Using the material below, print the line that contains "Page 6 of doujinshi Joshi Toile Souji", the line that contains "Movie Poster: Ghostbusters: Apocalipsis", and every line in between, exactly and nothing else.

• [Source material]
::::::::::

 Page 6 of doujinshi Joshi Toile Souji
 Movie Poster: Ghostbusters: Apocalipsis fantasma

::::::::::

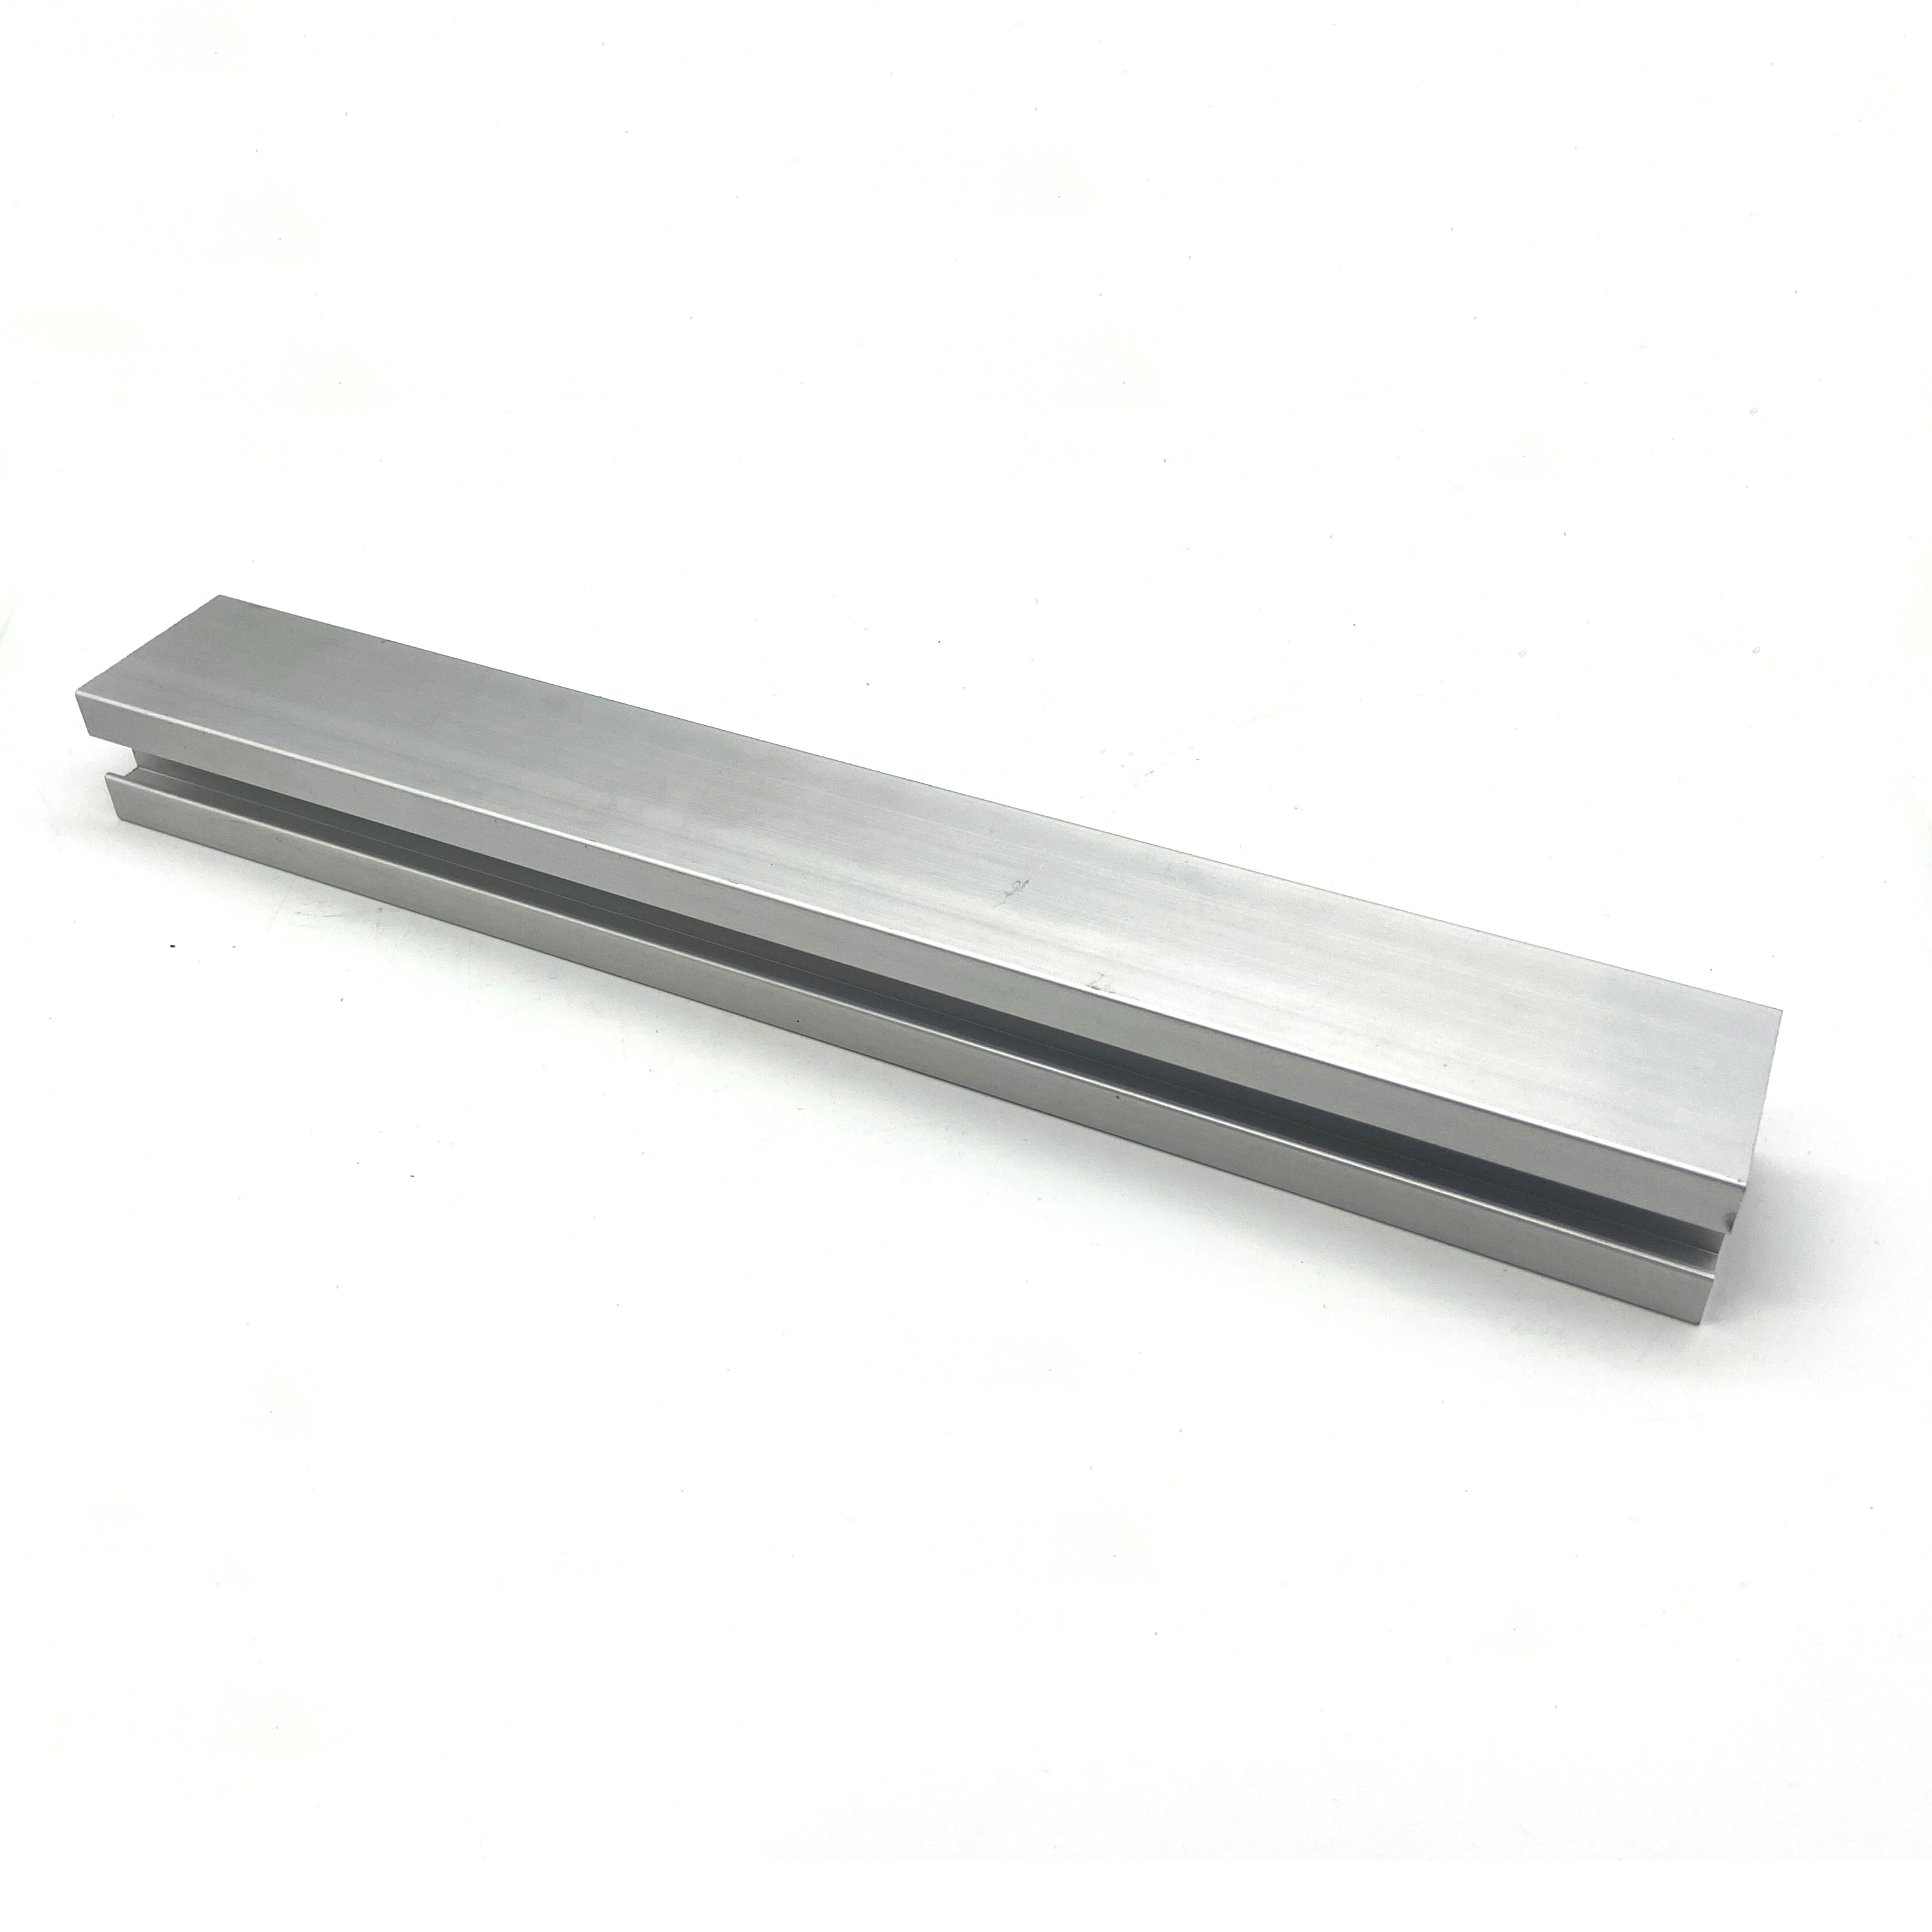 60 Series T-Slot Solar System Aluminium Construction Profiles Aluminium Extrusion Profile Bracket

::::::::::

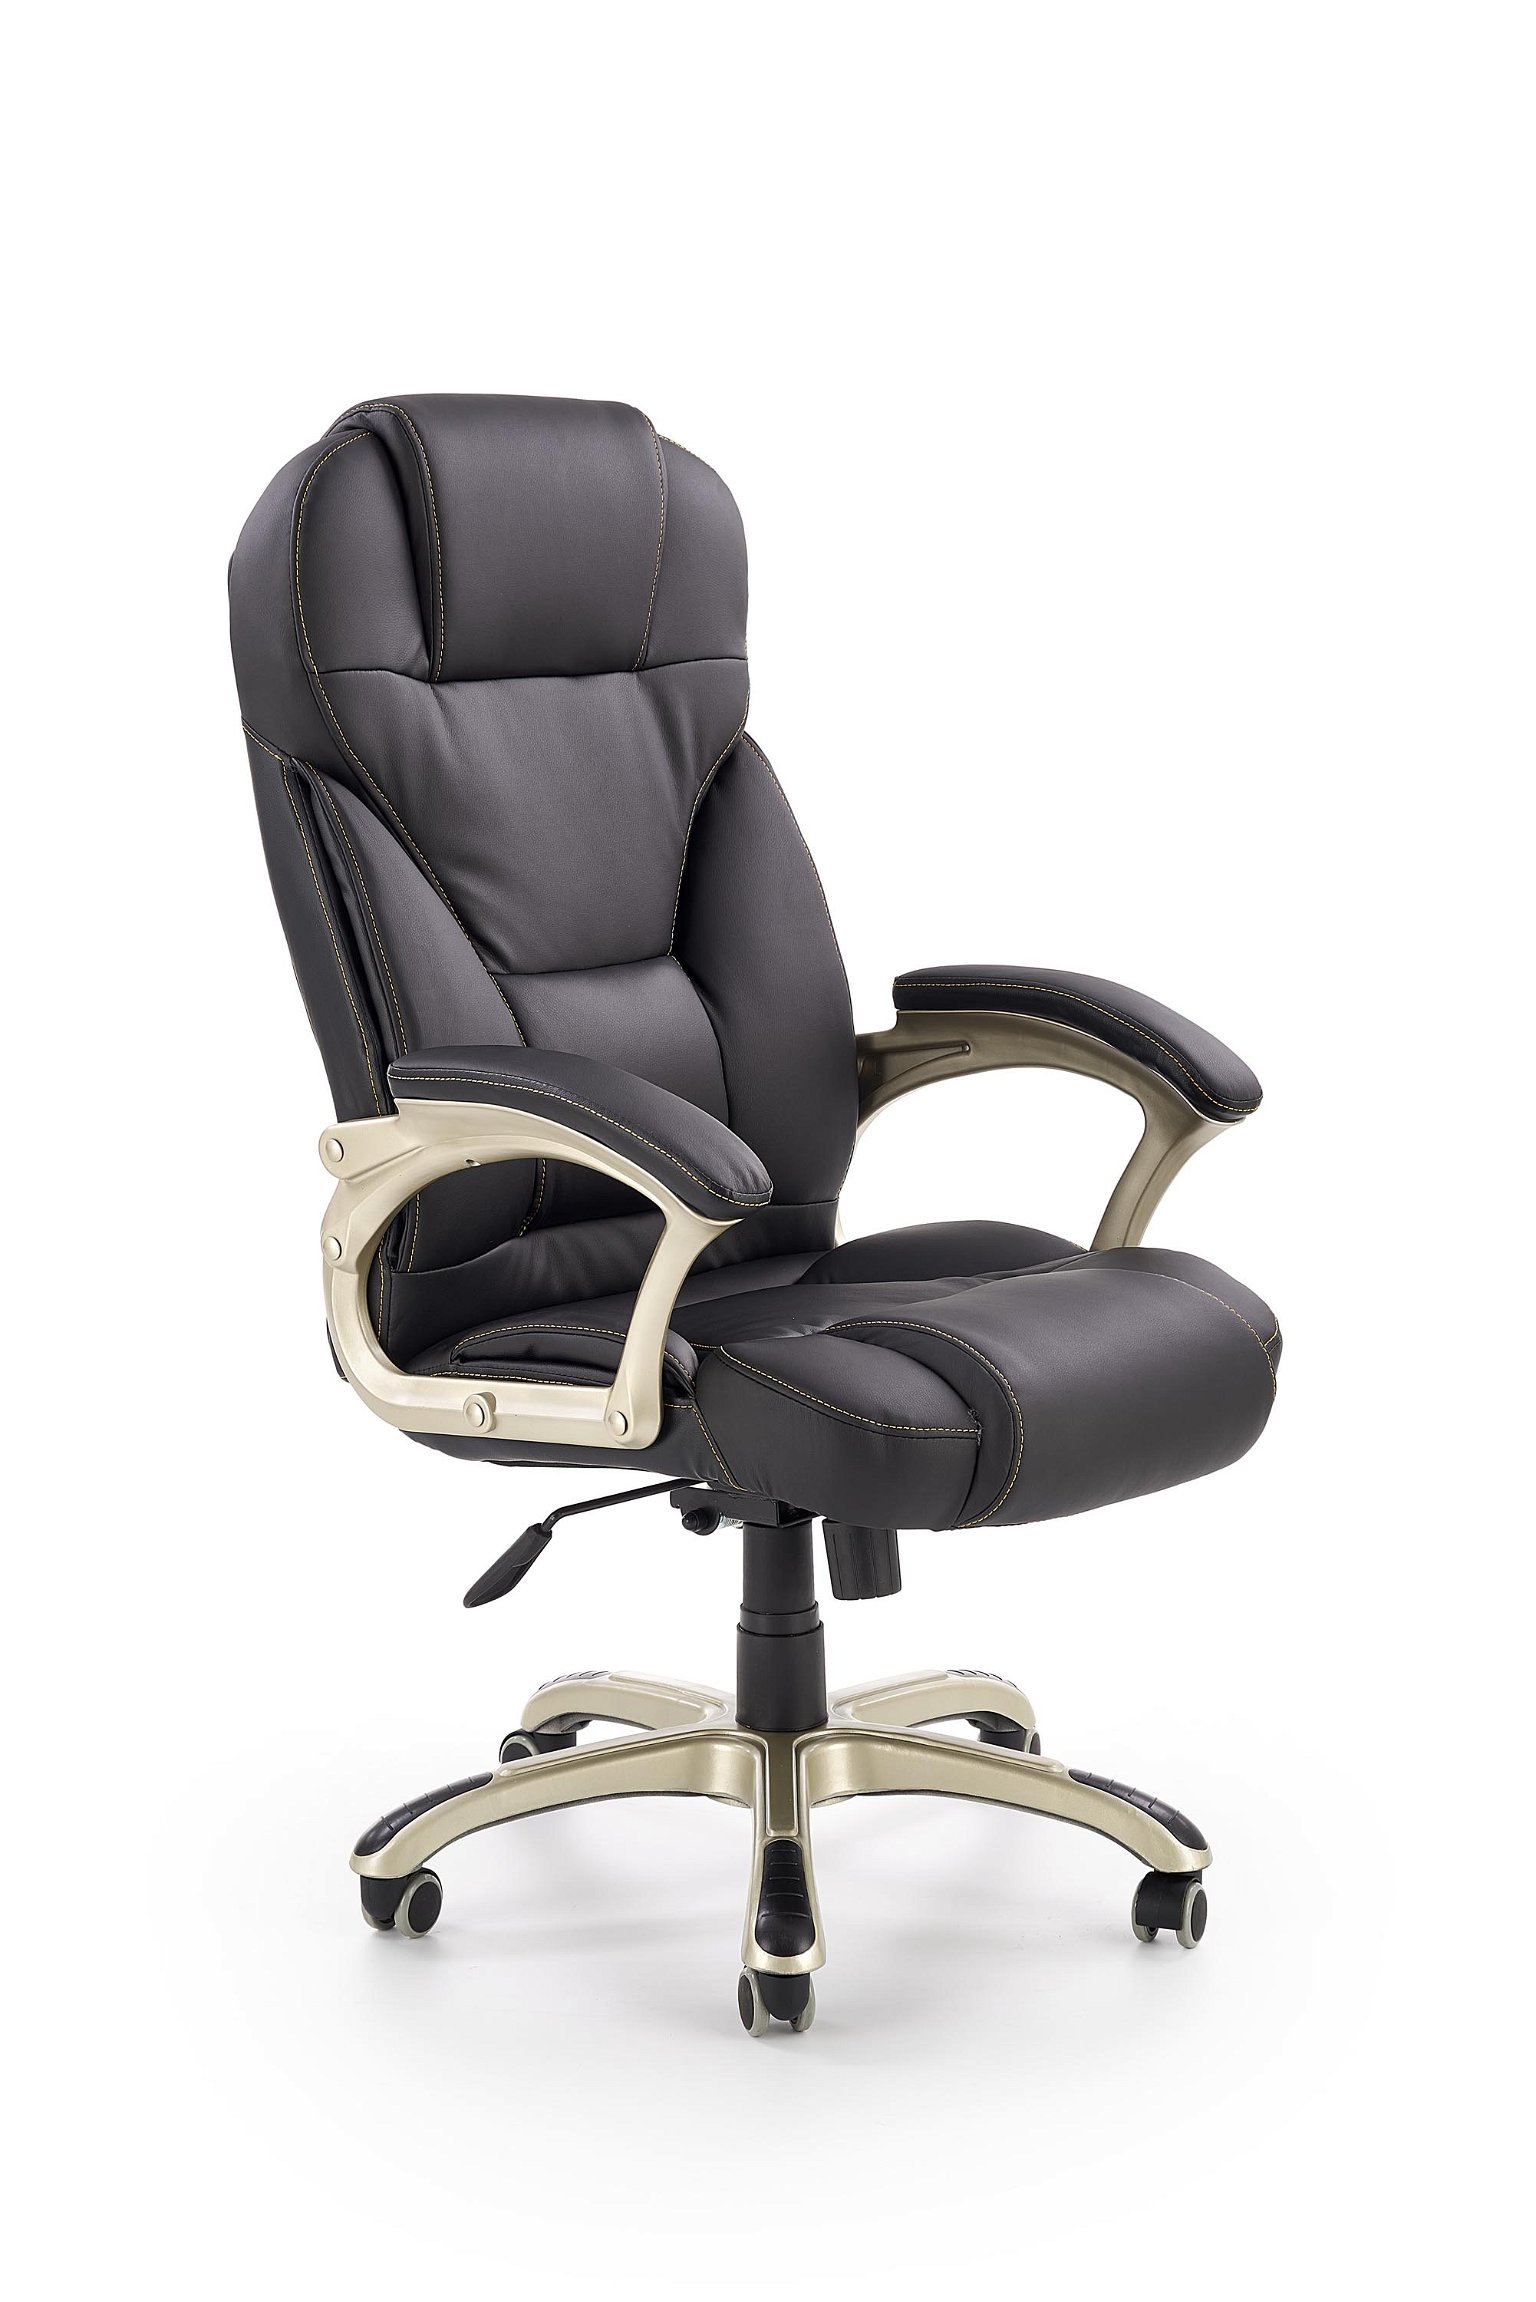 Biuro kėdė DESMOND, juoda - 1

::::::::::

• [Result below]
 Page 6 of doujinshi Joshi Toile Souji
 Movie Poster: Ghostbusters: Apocalipsis fantasma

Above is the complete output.